Le second comprit le dessein de son maître. Il avança vers l'enfant.

- Vous ne me la volerez pas ! défia le paysan en s'interposant entre l'être menaçant qui leur faisait face et le lit.

- Non, en effet, murmura doucereusement l'intéressé à leur table. Je me propose de vous faire une offre que vous ne pourrez pas me refuser.

À ces mots, il sortit d'un pan de son habit une bourse qu'il jeta aux pieds de l'homme. Les pièces tintèrent mélodieusement.

- Bien entendu, je compte sur vous pour votre discrétion.

Le père de famille déglutit et ramassa le petit sac en toile. Il l'ouvrit. De l'or. Il contenait de l'or. Jamais il n'en avait vu de sa vie : si scintillant, si luisant.

- Et si je refuse ? osa-t-il avec prudence.

Une nouvelle détonation emplit l'air. L'inconnu sourit, dévoilant un émail éclatant et des dents parfaitement alignées. Deux crocs, à la place des canines, resplendirent dans l'opacité de la nuit lorsque, de nouveau, la voûte céleste s'éclaira.

- Dans ce cas, je devrais vous soumettre une deuxième proposition que vous ne pourrez en aucun cas me refuser.

Le cœur du fermier rata un battement. Ces deux crochets aussi aiguisés que n'importe quel poignard... Il comprit l’allusion.

Il se tourna vers sa femme, le regard insistant. Elle lâcha leur fille amaigrie. Ses petits pieds noircis oscillèrent.

Le second étranger, toujours masqué, referma ses longs doigts faméliques autour du poignet de l'enfant et l'amena doucement vers la sortie.

Le maître se leva à son tour, faisant trembler la maisonnée tout entière. Un rire inquiétant s'échappa de sa gorge avant qu'il n'adresse une question aux parents – perçue plutôt comme une sentence.

- Vous l'offrez comme présent avant même de savoir ce qui lui est réservé ?

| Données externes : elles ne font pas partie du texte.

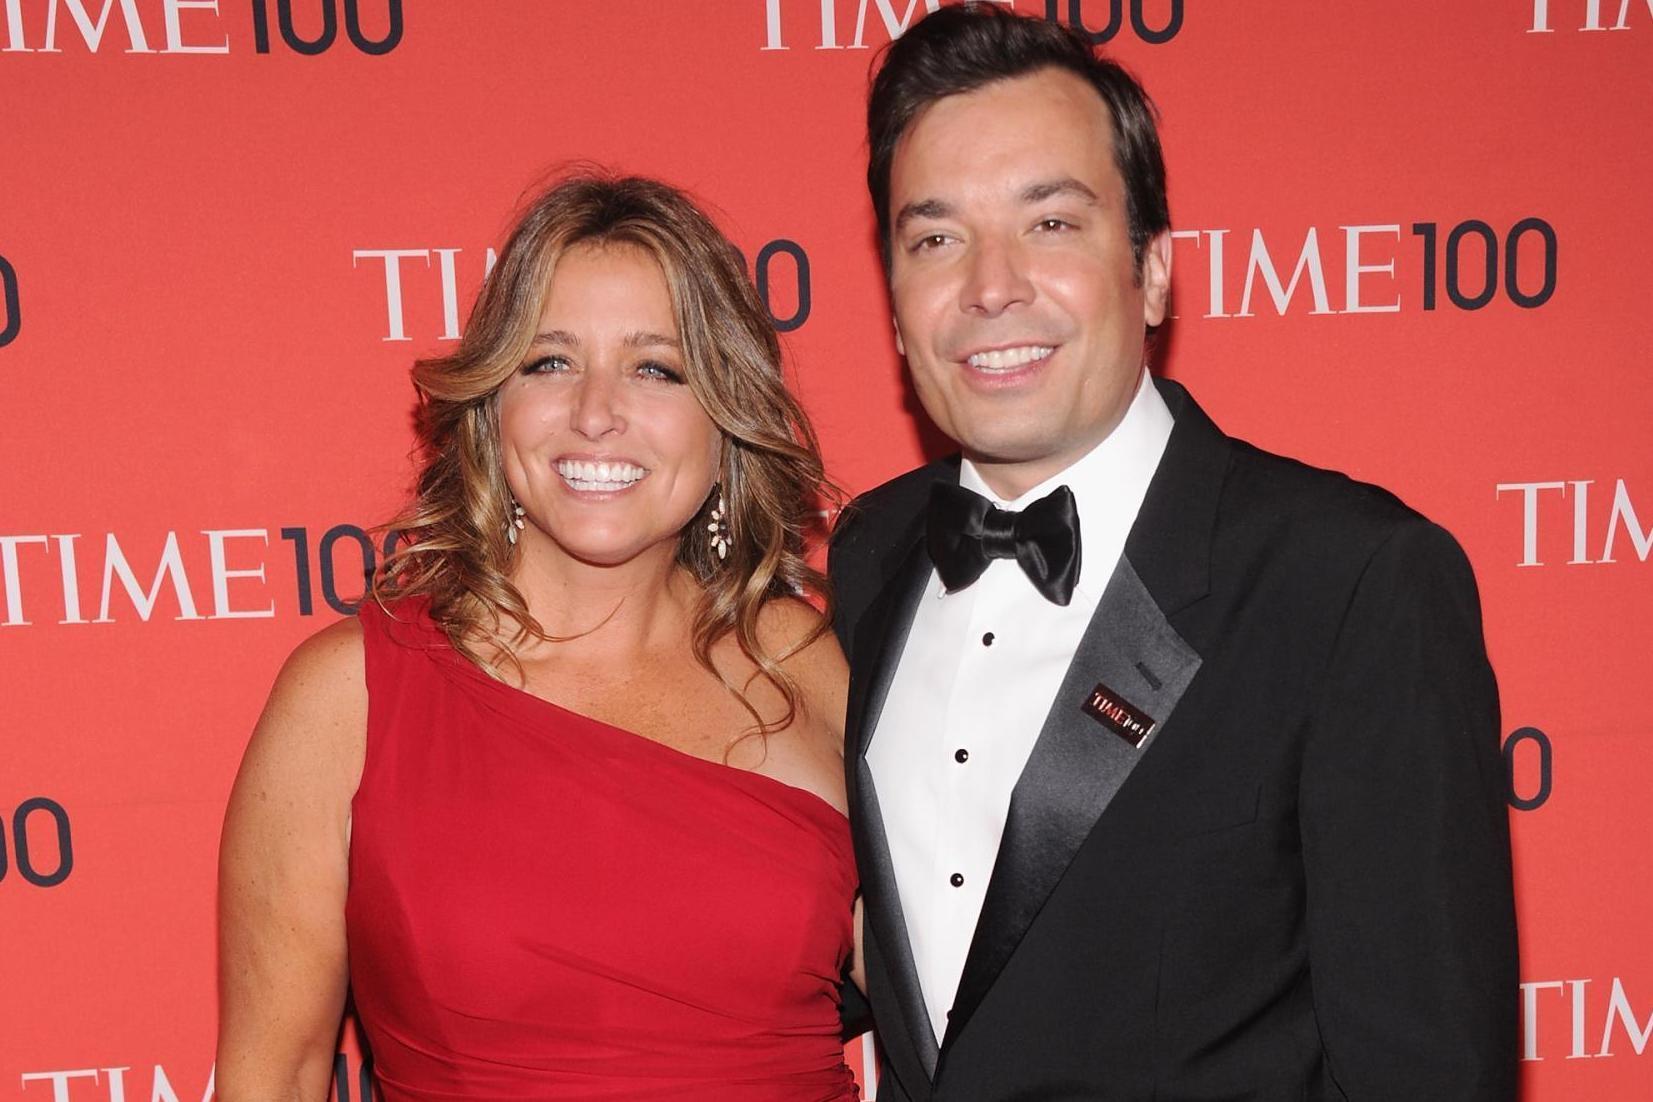 Jimmy Fallon and wife Nancy share their secrets to a successful marriage: 'Keep your sense of humour'

Le chef de famille serra les dents.

Trois formes profilées dépassaient maintenant l'encadrement de la bâtisse osseuse lorsque, soudain, une ombre courut vers elles et se saisit des haillons de la petite fille.

- Dietrich ! Non !

La créature rabattit son capuchon sur la tête, prête à retrouver les ténèbres de la nuit, et ignora ce gamin sans défense qui se cramponnait furieusement aux vêtements de sa sœur.

- Tu reviendras quand ?

Le maître et son serviteur lui prirent la main. La fillette leva ses grands cils vers eux, captivée, puis les baissa sur son cadet, le plus jeune de la fratrie, et sourit.

- Bientôt.

- Tu me le promets ?

- Je te le promets.

Le garçon lâcha l'habit et la regarda s'éloigner. L'enfant fit quelques pas encore avant de disparaître, au détour d'une ruelle, sous la cape du monstre.

I – Genèse

Octobre 1689

Chapitre I

Le couvent de Sfânta Maria à Vasili, petite bourgade marchande, fermait ses portes avant la tombée de la nuit. Au cœur du monastère, les sœurs de l'ordre mendiant ne vaquaient plus à leurs occupations. Les ténèbres approchaient et leur lot de peurs avec elles. La clarté du jour laissait bientôt place à l'élément du diable qui s'insinuait même dans la maison de Dieu. La plupart d'entre elles regagnaient, le pas pressant, l'alcôve de leur chambre minuscule et s'enfermaient à double tour. Même ici, personne n'était à l'abri du démon.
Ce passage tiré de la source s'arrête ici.